Wide ribbons of soft, white chow fun noodles were fine but needed more sauce and zing. A few other items were likewise lacking in punch, including a crisply fried but blandly cabbaged spring roll, and pan-fried vegetable dumplings that passed muster — though you can find better elsewhere. Sesame balls of tender white glutinous rice flour and sweetened red bean paste were the best starter sampled, although they'd make a better dessert.
Shing Wang opened less than a month ago. Certain menu items haven't yet been launched, including radish soup, bean curd skin, and all seafood selections except shrimp. One can only hope the upcoming shellfish simulations come closer to the mark; the shrimp's texture was regrettably rubbery — to the point that only decorum stopped me from bouncing one against the wall and catching it on the rebound. I wonder if the kids in Taiwan have thought of this.
There is no shortage of dessert options, the most obvious being "slush ice" (kakigori), a snow cone that comes with choice of 13 syrup flavors (all homemade), including mung bean, litchi, banana, honeydew, and taro. "Taiwanese shaved ice" is a bit more complex. Patrons select four of 34 toppings that encompass fresh fruits (cantaloupe, kiwi), puddings (chocolate, almond), beans (red, mung), jellies (mango, lemon grass), peanuts, corn, condensed milk, six types of dried plums, longan sweet rice, barley, and so forth. Shaved ice can become a meal in itself — albeit a strange one.

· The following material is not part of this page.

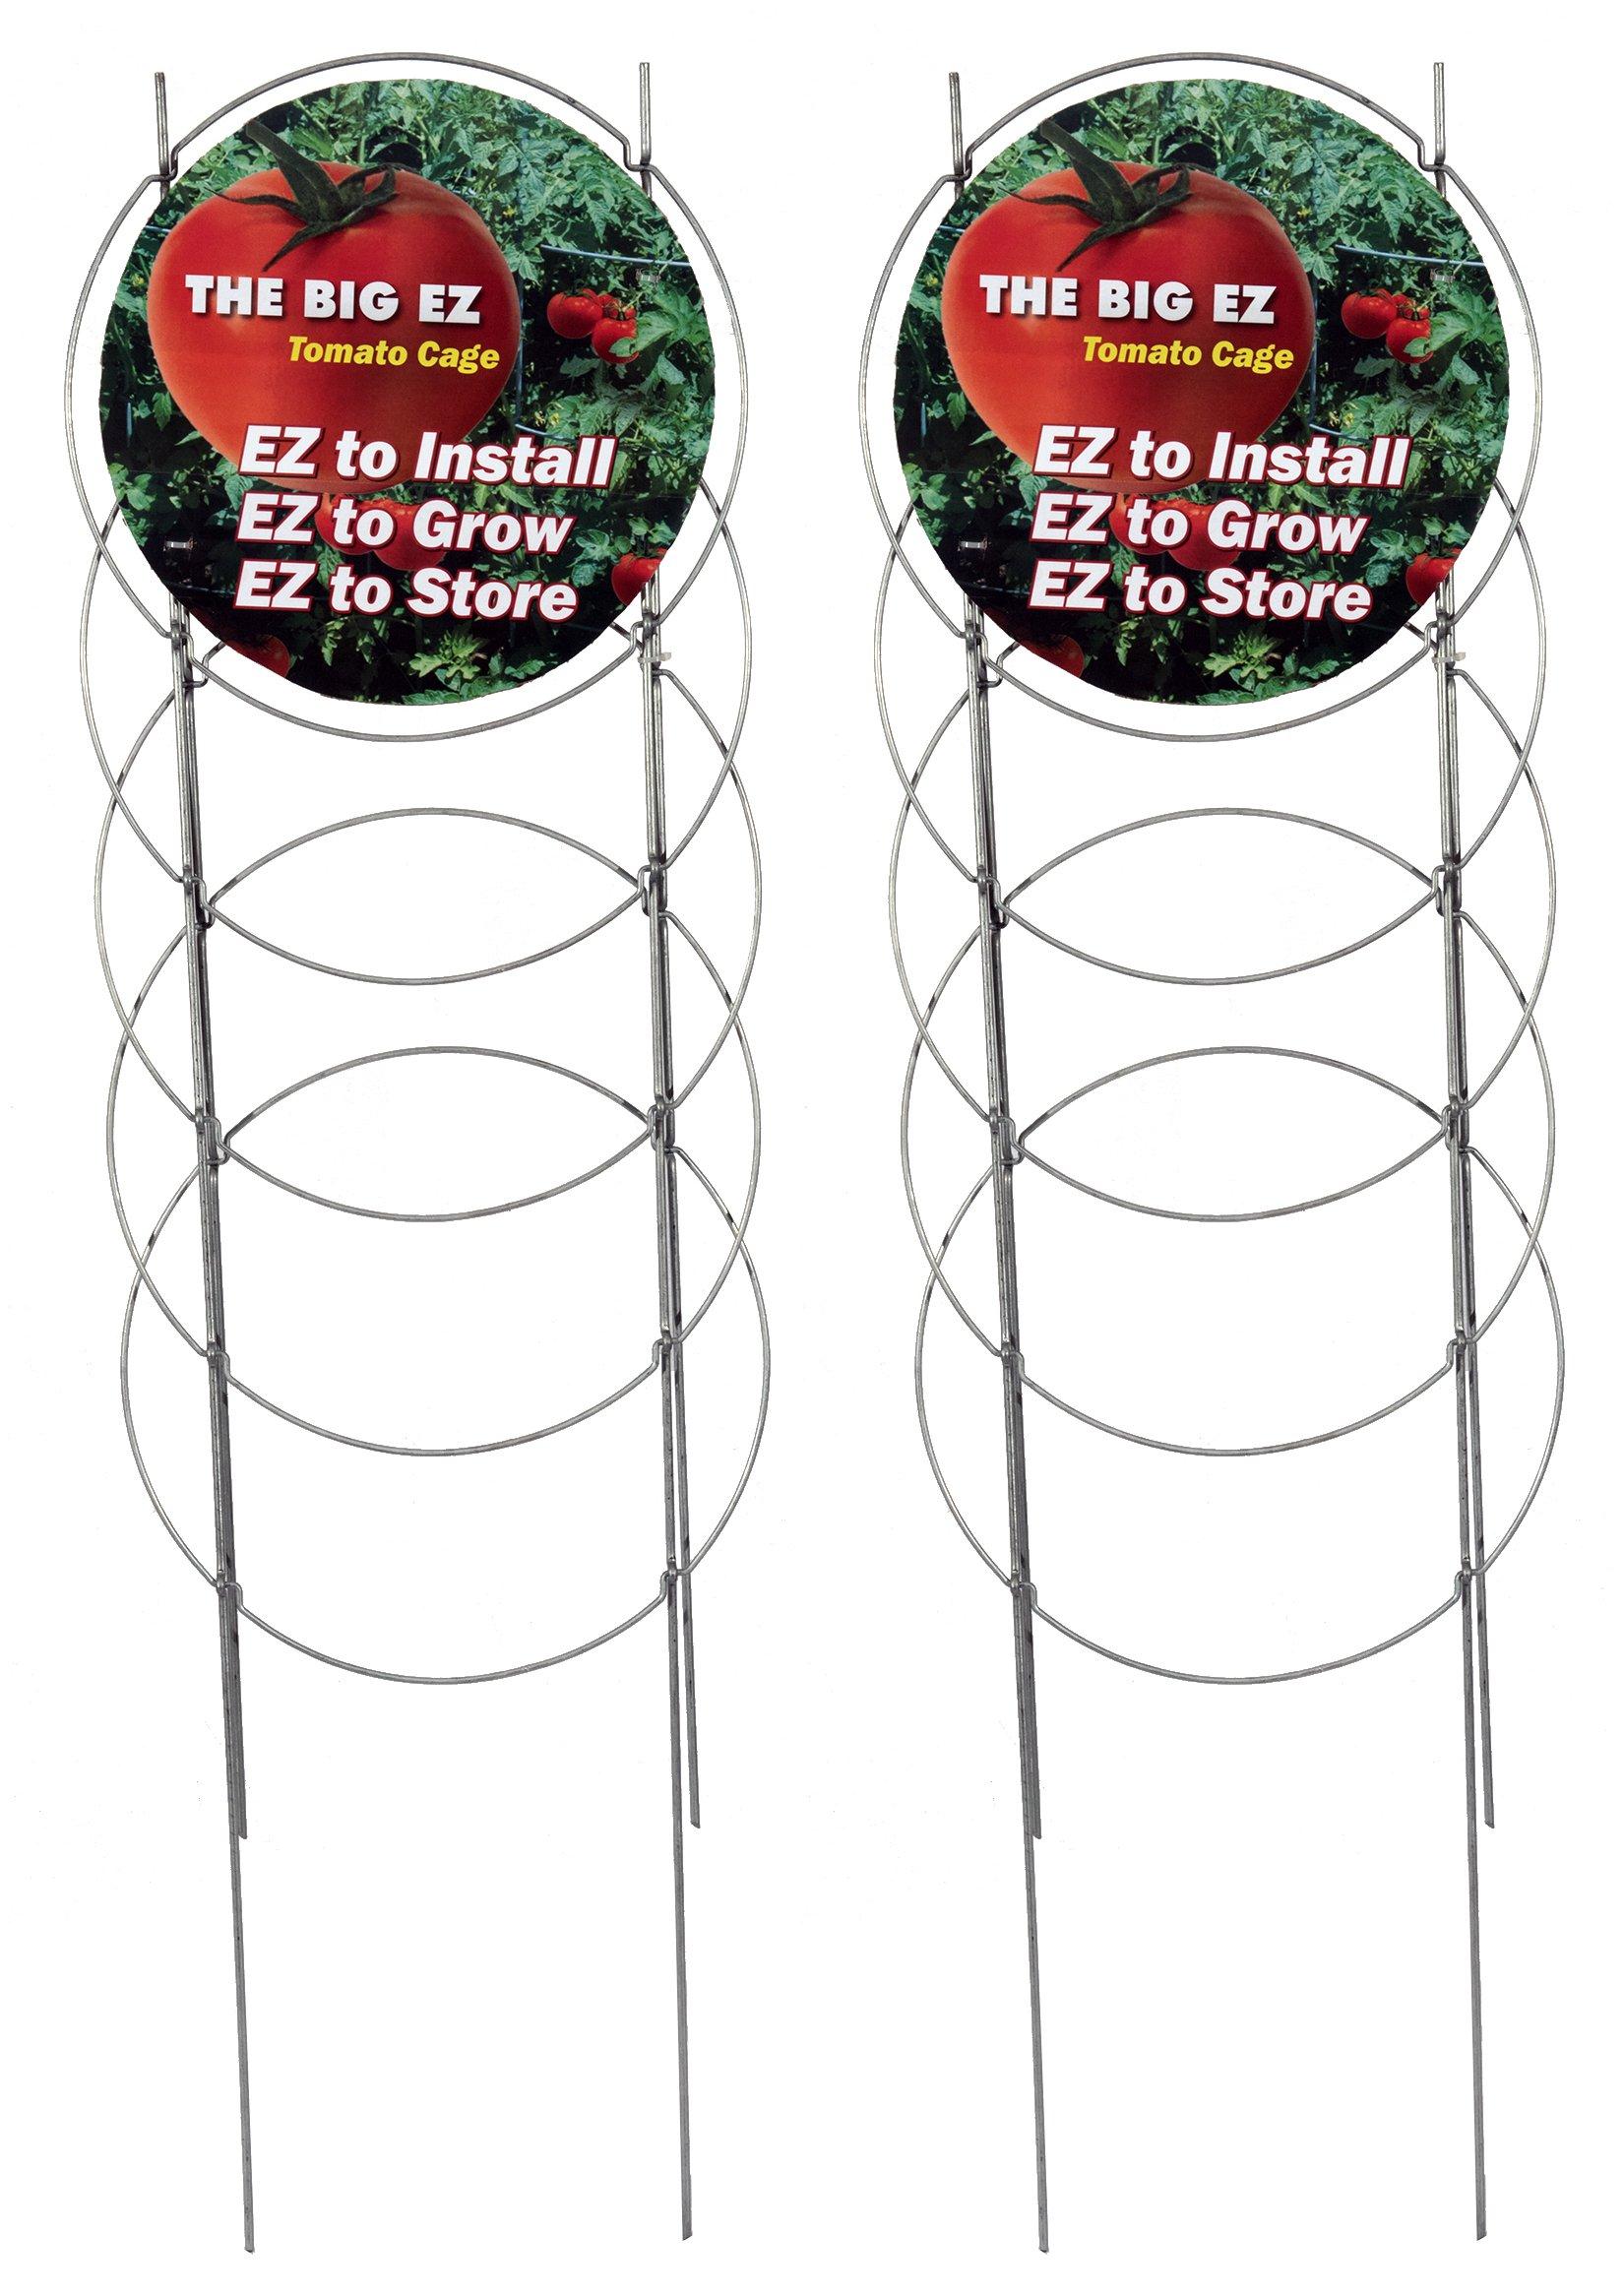 Dasco Pro Fiberglass Innovations EZ Grow TC-4 The Big EZ Heavy Duty Folding Tomato Cage and Plant Support, 2 Pack, Galvanized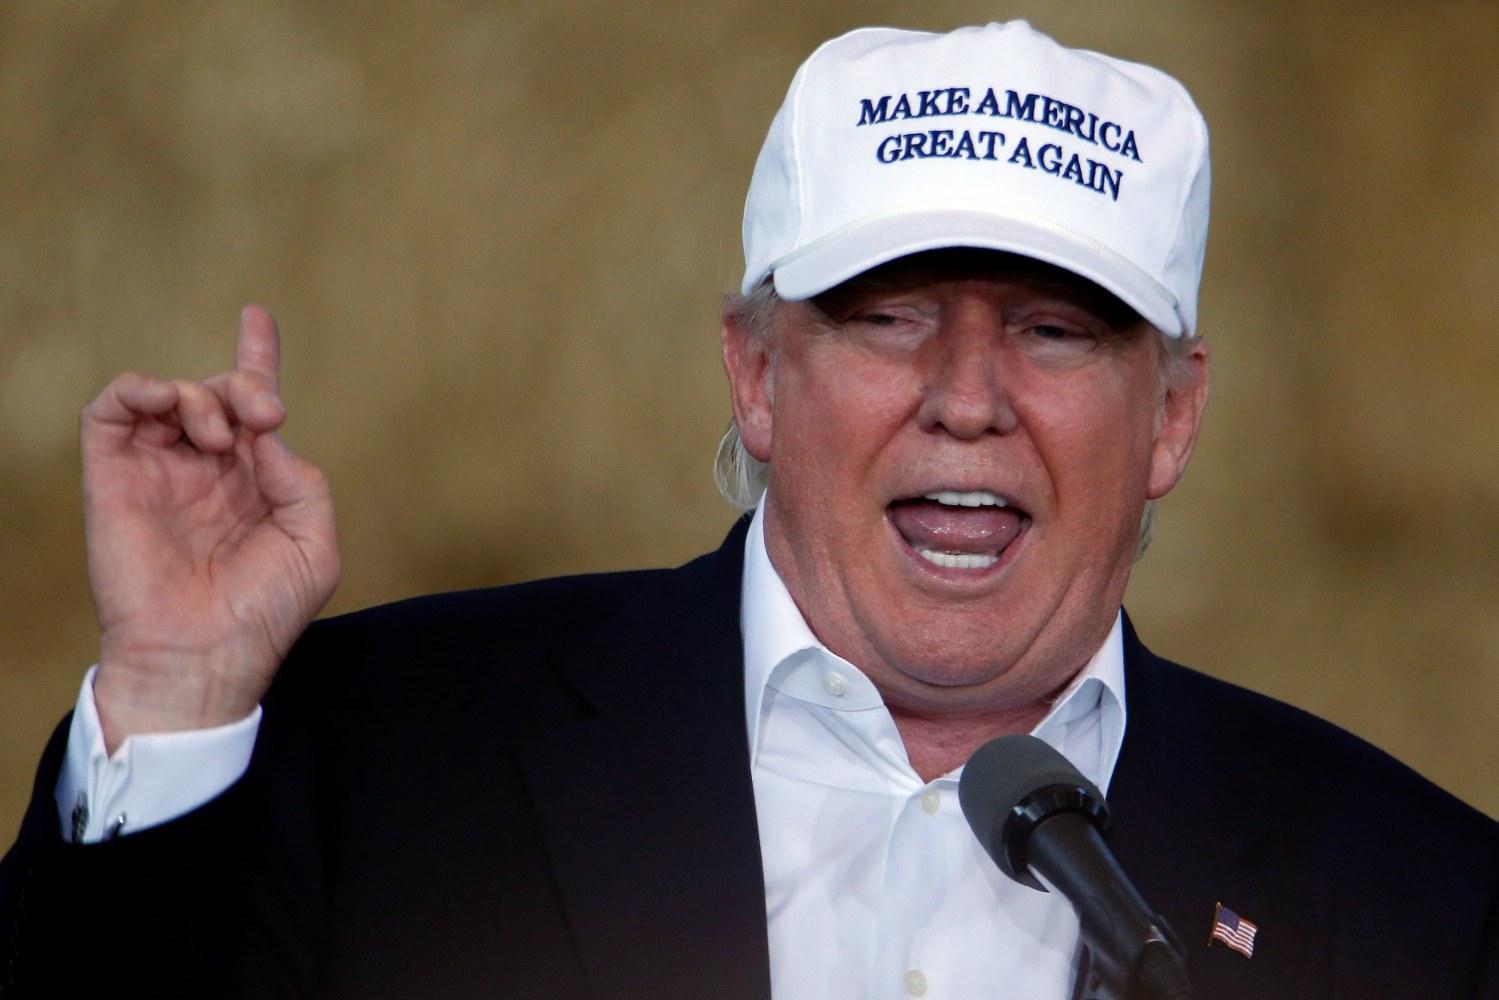 'Make America Great Again'—Who Said It First? - NBC News

Could these soy substitutes con a carnivore? Never. But vegetarians and vegans will deem it close enough, and most folks should appreciate it for what it is: fresh, flavorful, healthful Chinese food at an excellent price. And those who find faux protein not to be their cup of tea might very well discover that bubble tea is. Shing Wang brings yesterday's American-Chinese cuisine into the realm of relevant 21st-century dining. The torch has been passed.